Ce soir, La Flamme Rouge publie cette récente entrevue avec *Lionel Reynaud*, ingénieur de la performance pour l’équipe cycliste professionnelle *Cofidis*. C’est l’occasion de vous faire découvrir un nouveau métier totalement en prise avec l’ère du temps. C’est aussi l’occasion de faire un petit clin d’oeil à la longue échappée aujourd’hui sur le Dauphiné de Nicolas Inaudi, coureur chez Cofidis. « Le site de Lionel Reynaud, très intéressant puisqu’il renferme quantité d’information pertinente pour tous les cyclistes qui cherchent à s’améliorer, est disponible ici »:http://www.lionelreynaud.com/.

*La Flamme Rouge:* Lionel, le métier de conseiller ingénierie de la performance est relativement nouveau dans une équipe cycliste.

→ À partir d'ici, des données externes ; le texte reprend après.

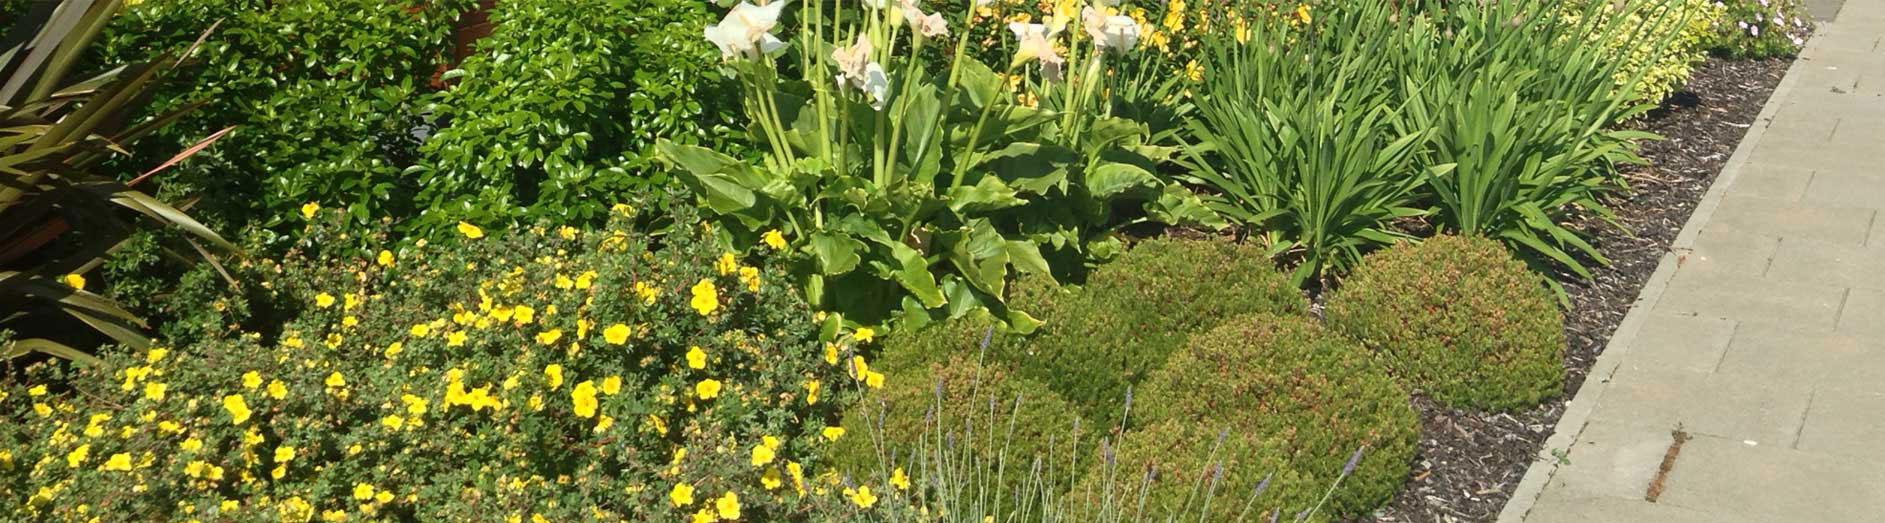 yellow-garden-flowers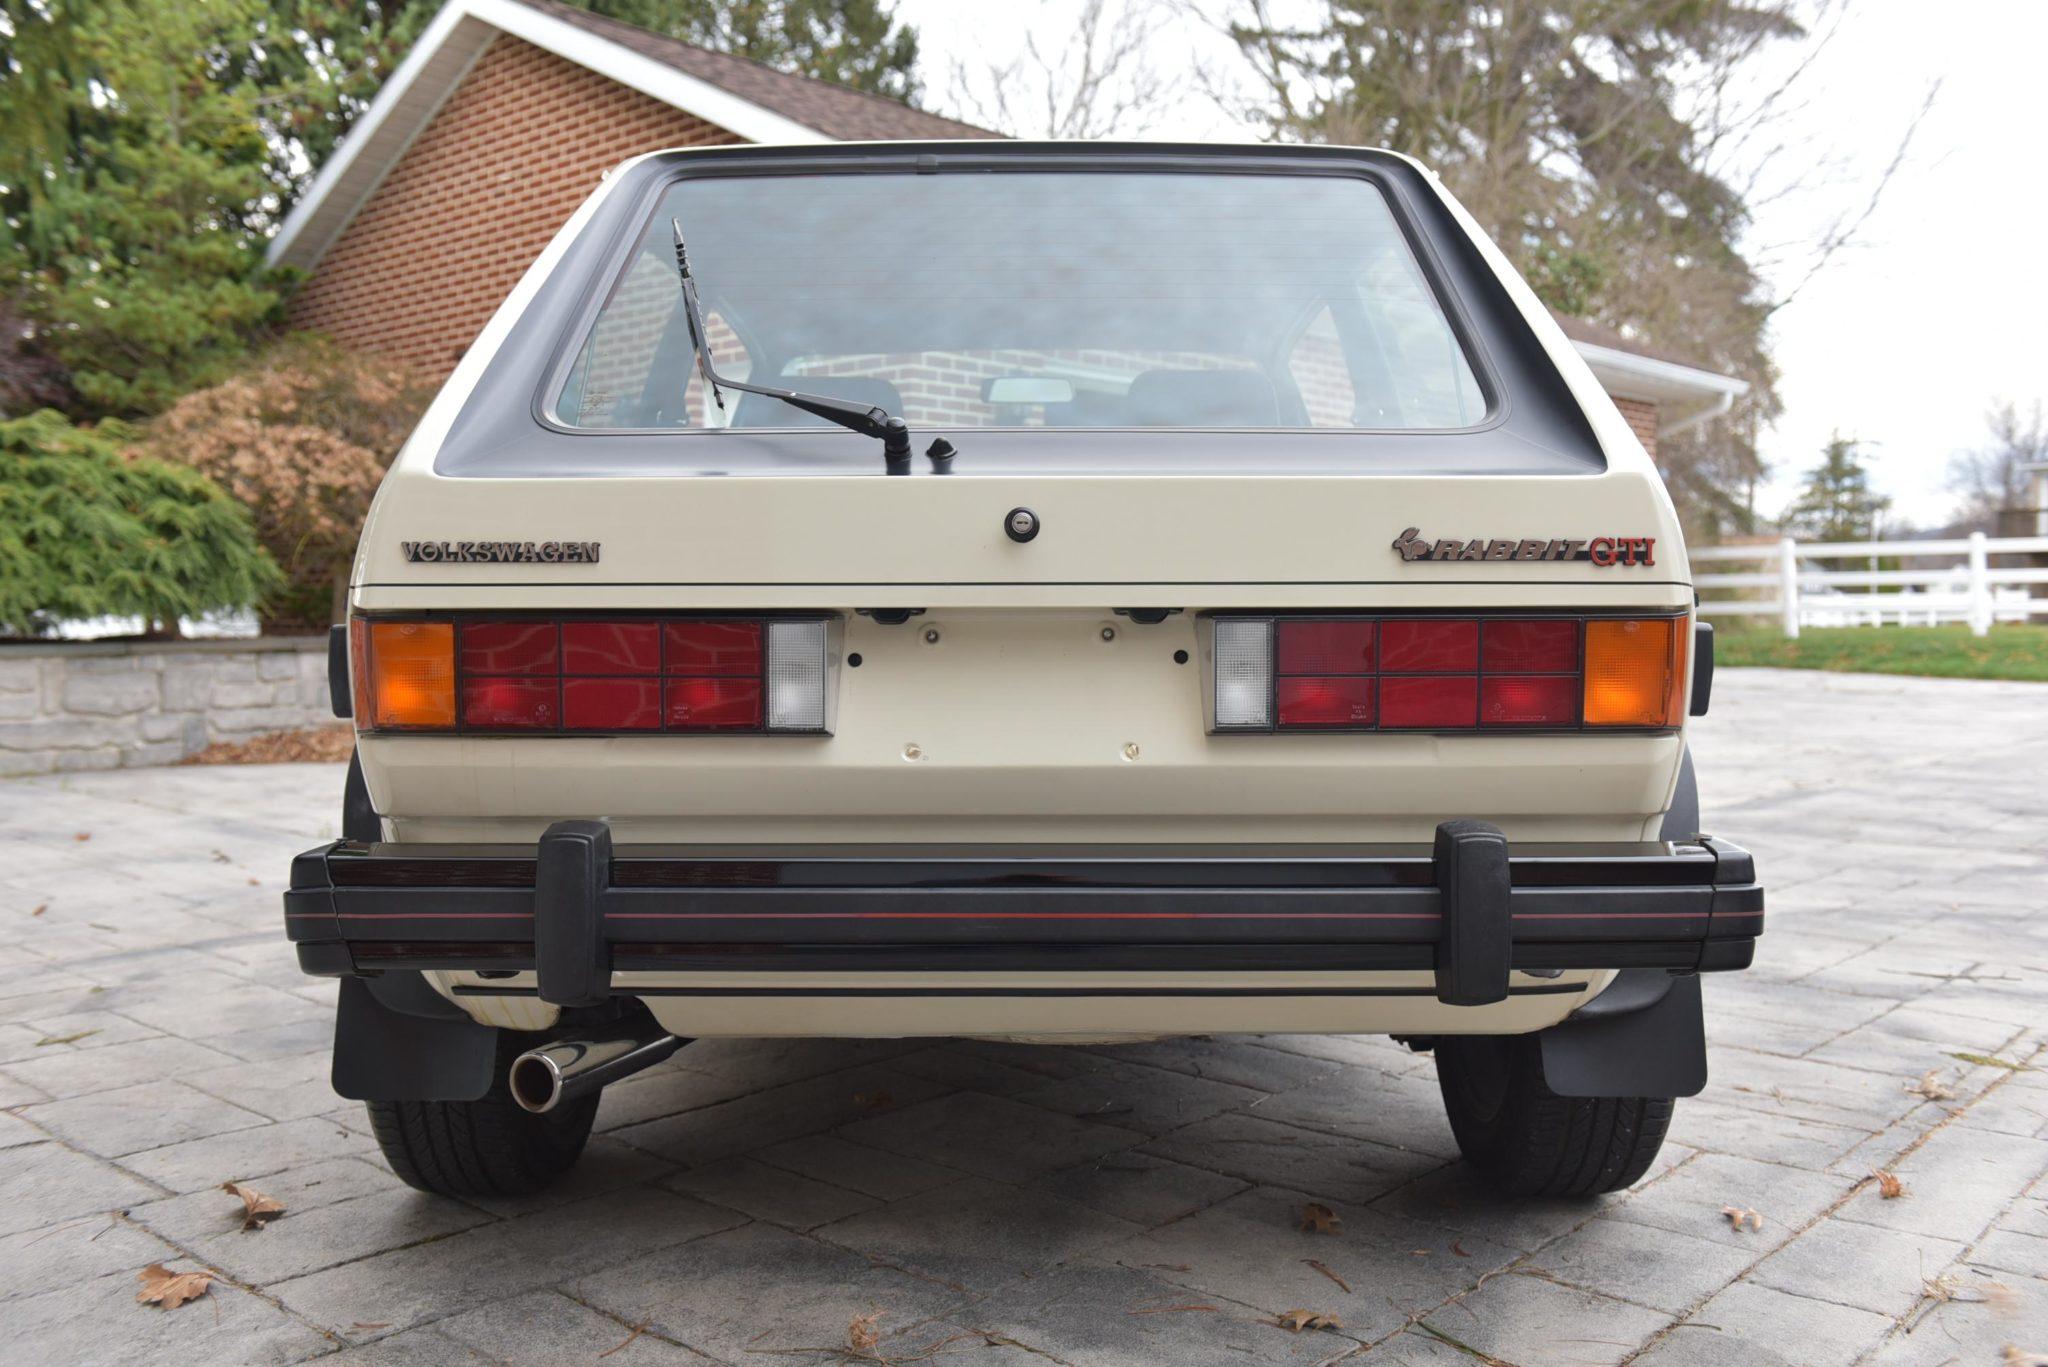 1983_volkswagen_rabbit_gti_1587038929e7b9c27f8dLEM_9898-scaled

Pouvez-vous nous expliquer en quoi ce travail consiste?

*Lionel Reynaud:* J’ai un rôle double qui est premièrement de planifier avec Lionel Marie (entraîneur de l’équipe) les séances d’entraînement puis d’analyser celles-ci pour rééquilibrer le programme d’entraînement. Ce travail s’effectue principalement avec les jeunes coureurs de l’équipe à qui nous avons donné la priorité cette année. Dans un second temps, il m’arrive au cas par cas de travailler sur l’aérodynamique de certains coureurs.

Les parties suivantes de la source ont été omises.